Así, este pasado miércoles, el ministro de Hacienda, Cristóbal Montoro, cargó en el Círculo de Empresarios contra “las utopías liberales” porque, a su juicio, “no sirven para ganar elecciones”. Sintomático arribismo, el de Montoro, que sólo visualiza lo que muchos veníamos denunciando: el PP es un partido populista y sin convicciones, cuya finalidad no es la de defender las libertades de los ciudadanos, sino mantenerse en el poder a cualquier precio.

Cual maquiavélico príncipe del antiliberalismo, Montoro rechaza el liberalismo por utópico, azuzando además el miedo a que, si los ciudadanos no se contentan con una opción centrista y pragmática como la del PP, correrán el riesgo de caer en manos de otros partidos (supuestamente) más ultramontanos. Pero el liberalismo no tiene nada de utópico: como demuestro en Una revolución liberal para España, se trata de una alternativa absolutamente realista y pragmática en todos los ámbitos sociales. Lo que dificulta su despliegue no es su irrealidad, sino la mayoritaria mentalidad liberticida de unos ciudadanos capaces de encumbrar al poder a voraces arribistas como Montoro.

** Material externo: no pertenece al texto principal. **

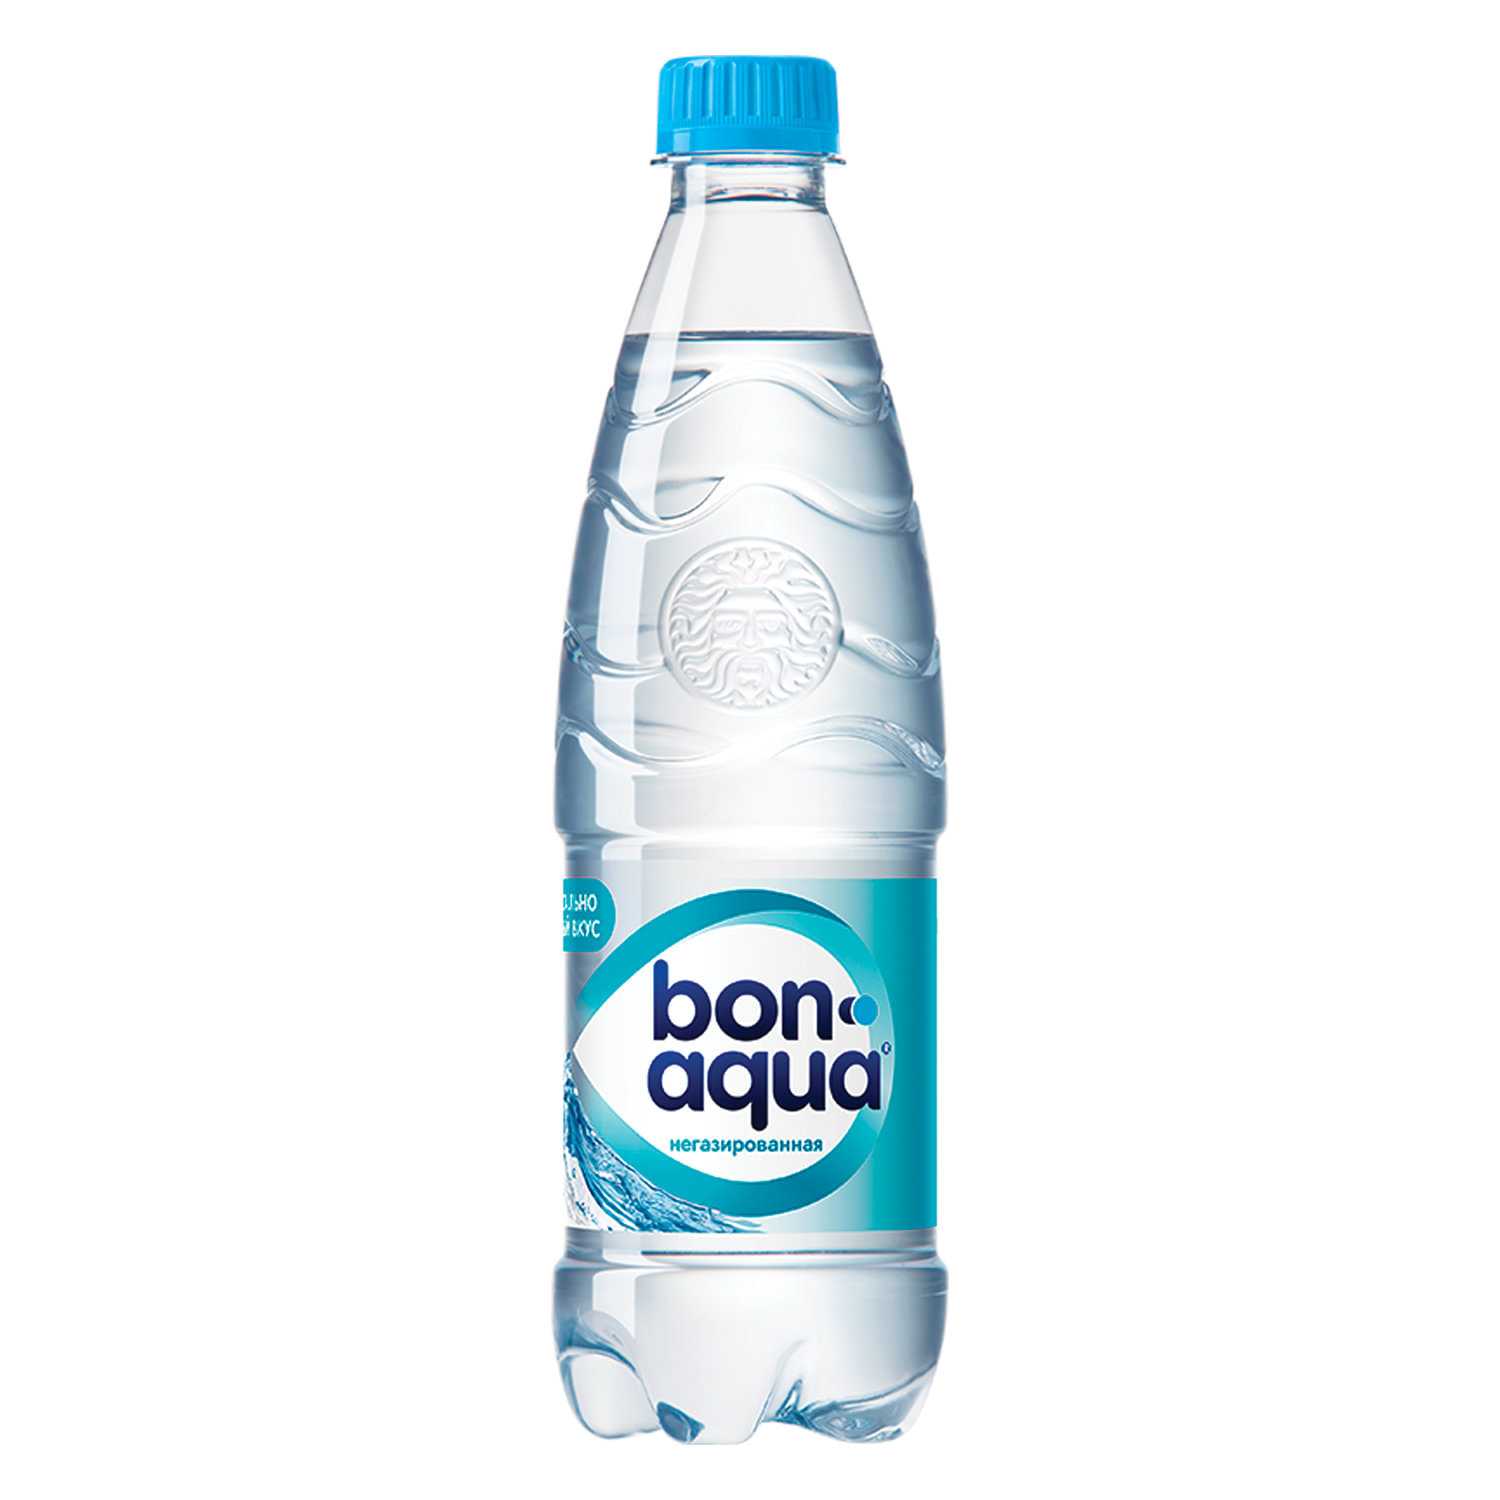 Бонаква (bonaqua) водичка от coca-cola company

Por ello, cuando el ministro de Hacienda nos pide que nos olvidemos del liberalismo, lo que está haciendo es pidiéndonos que le consistamos seguir reprimiendo nuestras libertades. Lo que nos reclama es que aceptemos ser sus rehenes y que asumamos que él es nuestro mejor carcelero posible de entre las nefastas opciones existentes. Lo utópico, a su juicio, es salir de la jaula; lo distópico, a mi juicio, es quedarse en ella bajo la batuta de personas obsesionadas con conservar su poder y sus prebendas parasitando a los ciudadanos. A la postre, produce auténtico pavor pensar cómo deben ejercer tales políticos ese poder cuasi absoluto que hoy detentan cuando ya desde un comienzo reconocen, sin tabú moral alguno, que su mayor propósito es, simple y llanamente, llegar al poder. Poder por poder, en beneficio propio a costa de los demás.

Mensajes antiliberales como el de Montoro no deberían desalentar a los liberales. Al contrario, deben servir como estímulo y constatación de la importancia del liberalismo. Ser idealista no es malo, en tanto en cuanto el idealismo nos marca el horizonte último hacia el que debemos tratar de tender: un mundo sin crímenes es un objetivo idealista, pero no por ello debemos ser complacientes con el crimen y asumirlo como un pragmático e inexorable resultado. Asimismo, y aplicado al caso de Montoro, lo único verdaderamente distópico es creer que políticos amorales como él —y como todos los restantes que pueblan el arco parlamentario— son quienes mejor procurarán por nuestras libertades y por nuestro bienestar: no, justamente su existencia y su mensaje prueban que el liberalismo es más necesario que nunca para proteger nuestras libertades.